He was first elected at the 1826 general election, and was re-elected at the next three general elections, until his defeat at the 1835 general election by the Conservative Party candidate John Cressett-Pelham. He was re-elected in 1837, but did not stand in 1841, when the seat was won by Benjamin Disraeli. He won the seat again in 1847, but did not stand in 1852. He was High Sheriff of Shropshire in 1854.

Slaney was returned again at the 1857 general election, re-elected in 1859, and held the seat until his death, aged 70.

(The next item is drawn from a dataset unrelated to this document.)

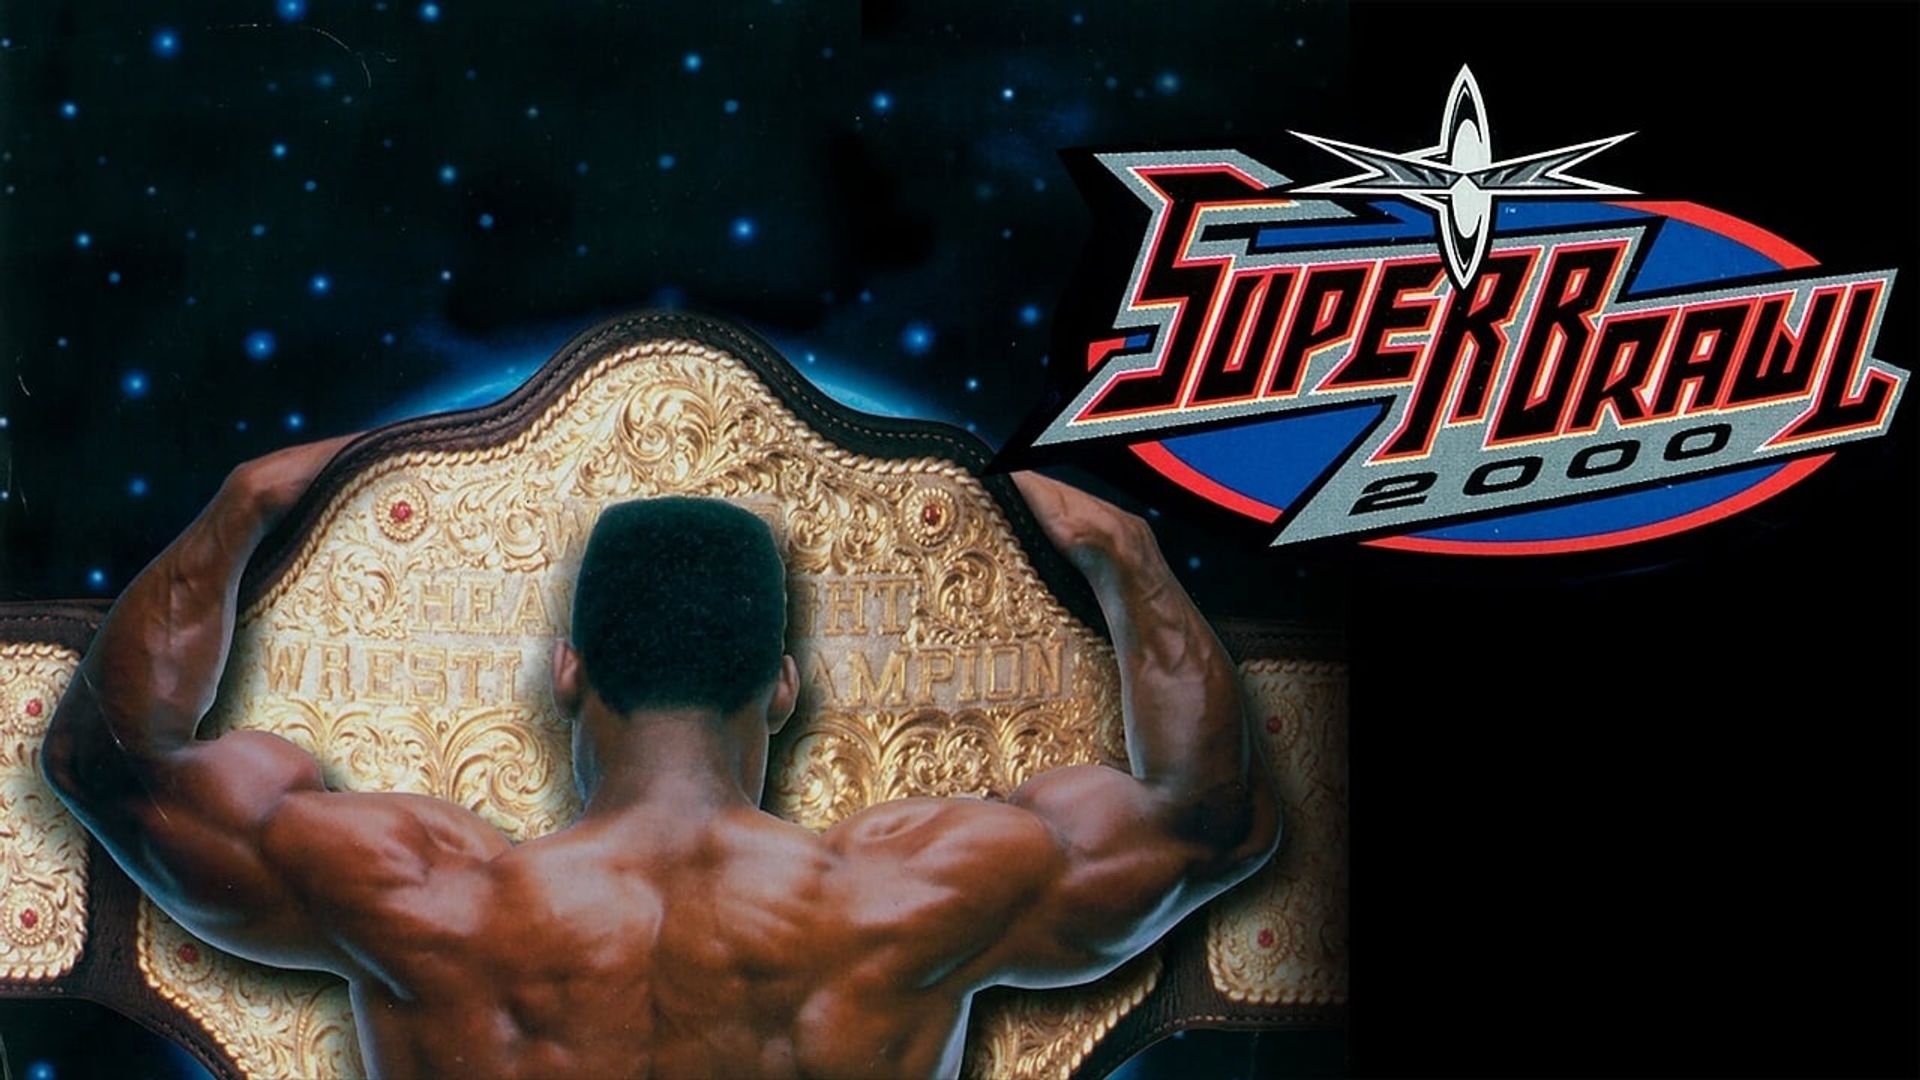 WCW SuperBrawl 2000 background

Among other achievements, Slaney was instrumental in setting up the Select Committee on Public Health of 1840, which paved the way for the later Board of Health; and in fostering the Industrial and Provident Societies Partnership Act 1852, sometimes known as Slaney's Act. He served as commissioner "on the health of towns" from 1843 to 1848, and was particularly noted for his efforts to improve living conditions in urban industrial areas.

Attending the opening of the London International Exhibition on 1 May 1862, he fell through a gap in a platform floor and injured his right leg, despite which he continued to view the exhibition and attended Parliament up until the 8th. He died on 19 May 1862, at his London house in Mayfair, from gangrene (then reported as 'mortification') that set in.

== Family ==
His residence was listed in 1857 as Walford Manor, Shropshire. He married twice: in 1812 to Elizabeth Muckleston, and in 1854 to Catherine Anne Archer. Slaney had three daughters, amongst whom his estate was shared. The youngest, Frances Catherine, married William Kenyon, who as a condition of Slaney's will took the additional surname of Slaney. The eldest, Elizabeth Frances (died c. 1870), married the naturalist Thomas Campbell Eyton, a Deputy Lieutenant of Shropshire.

==Archives==
A collection of letters sent to Slanley are held at the Cadbury Research Library, University of Birmingham. This archive collection also includes correspondence of his son-in-law, Thomas Campbell Eyton, and other family members.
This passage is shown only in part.